The Austin Chronicle

https://www.austinchronicle.com/daily/qmmunity/2011-03-25/department-of-duh/

Department of DUH!

By Julie Gillis, March 25, 2011, 3:06pm, Qmmunity

I sit on my bed as I write, with my two very wild and weary boys. I remember when I first got my sonograms to determine their sex. Were they boys or girls?? The question was asked by every person I met, my ever extending belly provoking conversations from strangers and friends alike.

Boy? Or Girl?

ABCnews.com has an article up focusing on the ethical dilemma of making the determination of gender when the determination itself is unclear.

…As in kids who are intersex. Eleven years ago, when I was pregnant (so naive and hopeful about life and parenting!) with my first, gender clarity didn't seem to be in question. His very present maleness floating about in my maternal hot-tub. It was quite obvious. He was a boy.

(As was my second, though he was a touch more camera shy.)

It was an easy thing, I thought, to determine their gender. Just a sonogram, and there you go. Like I said, I was naive. As they've grown, they've aligned themselves with their assigned sex. They seem happy as male children… at ease with "typical masculinity" and the trappings thereof even though, like a modern liberal parent, I've offered them toys along the gender spectrum, neutral colors at my showers, books for both pinks and blues. Their "boyness" hasn't really been in question, at least so far as I can tell. If it is in question, that's for them to tell me.

Waiting for that answer though, isn't something that a lot of people are comfortable with – not parents, nor doctors, nor caregivers, nor teachers. This is why parents, who have spent most of the nine months of pregnancy answering the Ultimate Question About Gender, are likely susceptible to moving quickly on surgery to determine a gender for children born intersex.

They want to be able to answer the question, the one question everyone asks, in the binary. So surgery has been the first line of defense against the confusion of intersex diagnoses.

But that's actually not turning out to be the best decision. By leaping into orientation surgery too soon, mistakes might be made made. Lives might be, quite literally, ruined. Sexuality and sexual response can be diminished. Suicides in later life can occur. The rights of those small children should be protected so that they get to decide who they are when they are ready.

To which I now say, "Duh."

I would like to think I'd have said, "Hell, no, don't operate on my child" even then, in 2000, when my first was born. That I'd want to wait to see who he or she or zie was, prior to placing my own opinions or desires on the child in the form of surgery.

Hopefully, I'm educated enough now to know that even right this second, at the ages of 7 and 11, my children still might have feelings inside themselves that don't match the external, and that my job is to listen and watch and help them as they develop and grow, not make them fit into a binary that they had no choice in being born into.

There is no point in rushing into surgery, in pressuring parents to make a quick decision on the sex of their child. Those things cannot easily be reversed if the wrong choice is made. And the bigger question is, why does the answer matter? Why does the pink or the blue have to be the only choice? What can't people deal? Why is that the main question we are asked when we are pregnant? Because that question lays out a series of boxes the child will then fill throughout his/her/hir life?

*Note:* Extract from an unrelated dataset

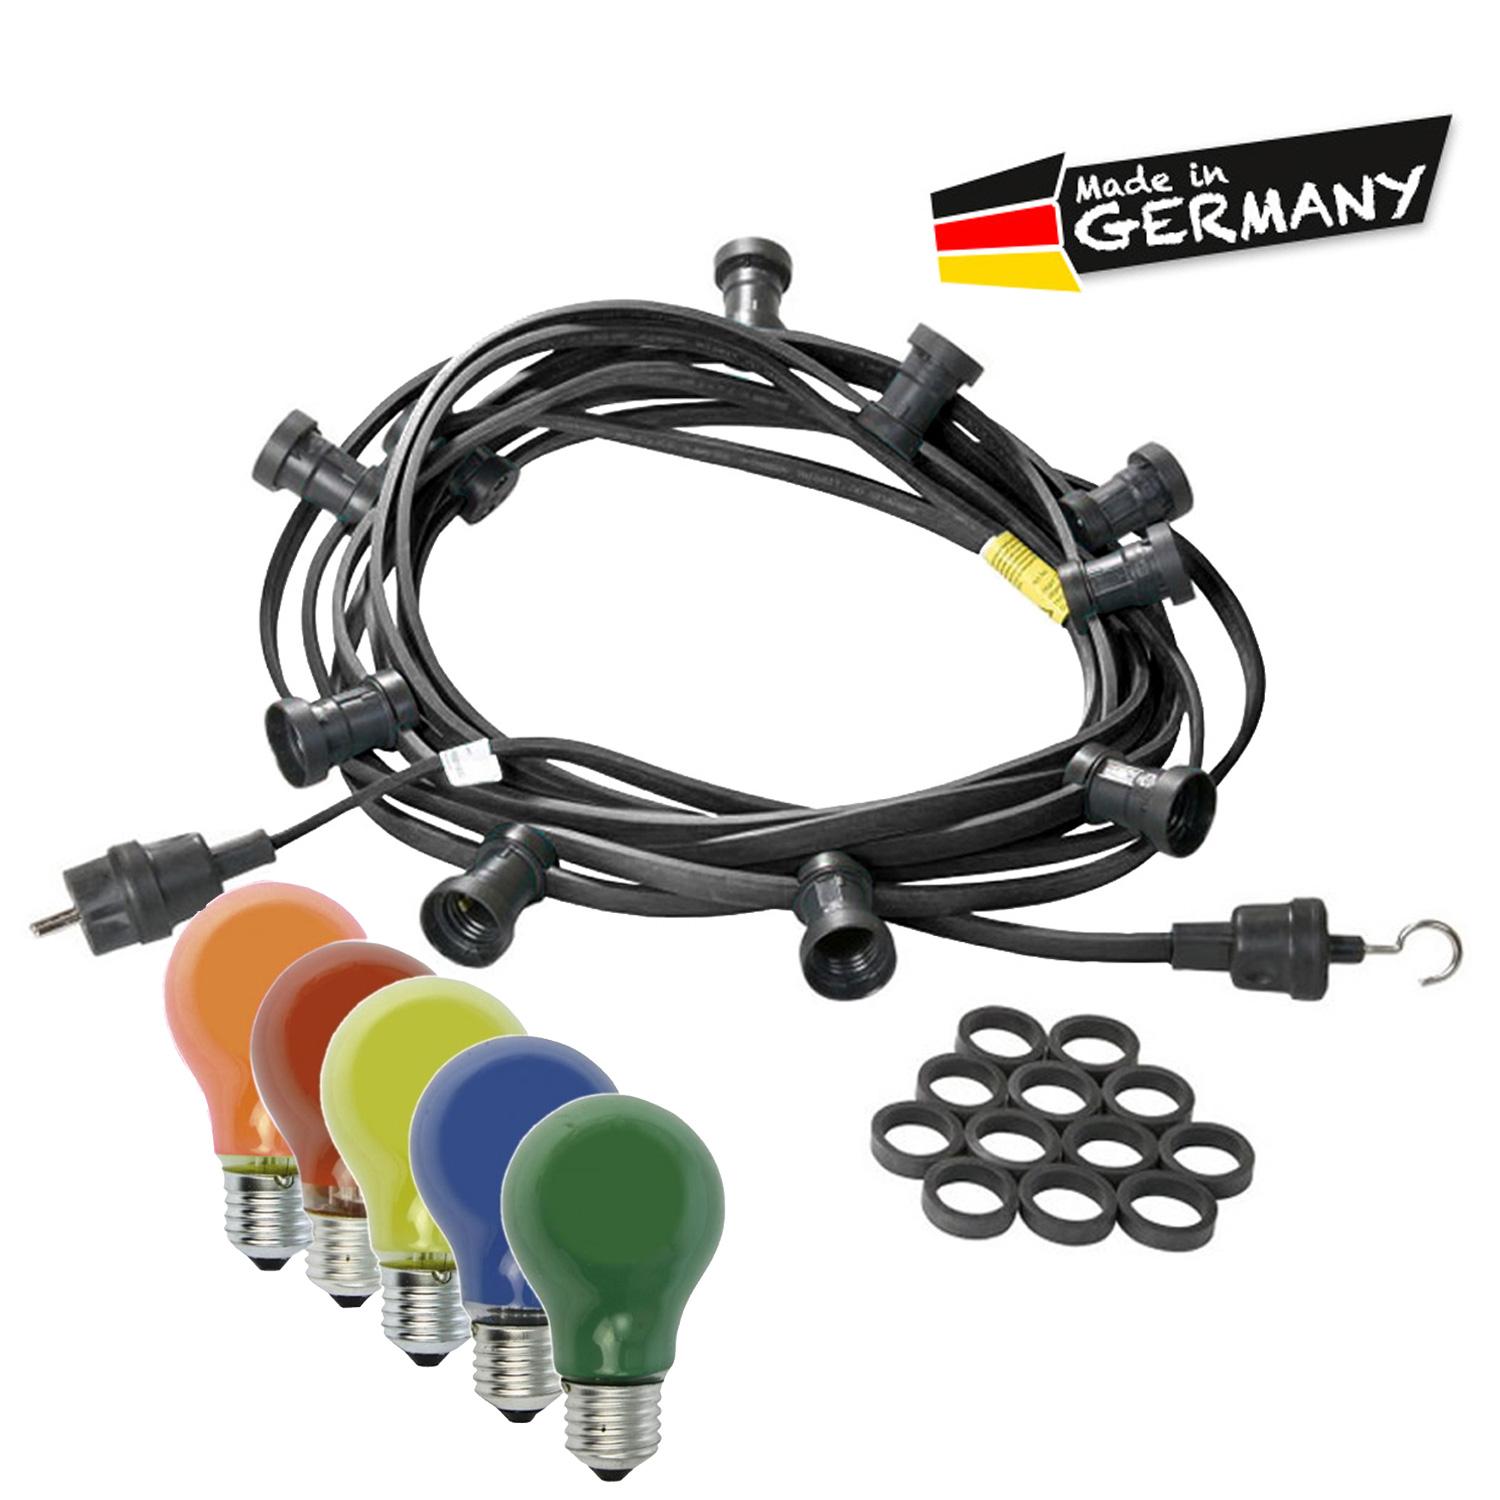 Illu-/Partylichterkette 10m - Außenlichterkette schwarz - Made in Germany - 30 bunte 25W Glühlampen

(Did I mention how naive I am at times? I get it. I do. But I still think no one gets to choose the sex of another person but that person themselves. And if that means waiting until 5, or 7 or 12, so be it. Everyone should learn to stretch a little.)

I had a hard time figuring out how to blog this post. I myself am guilty of gender essentialism, of asking if the child is "this or that." I thought, I'm the wrong person to provide commentary on the subject. Then again, my children lie here, on the bed, as I type, a tangle of long limbs and creative ideas, and dirty faces and minds filled with possibility. I don't want to fit them into boxes until they are ready to choose those boxes for themselves. And even then, I want them to keep the lid loose, just in case.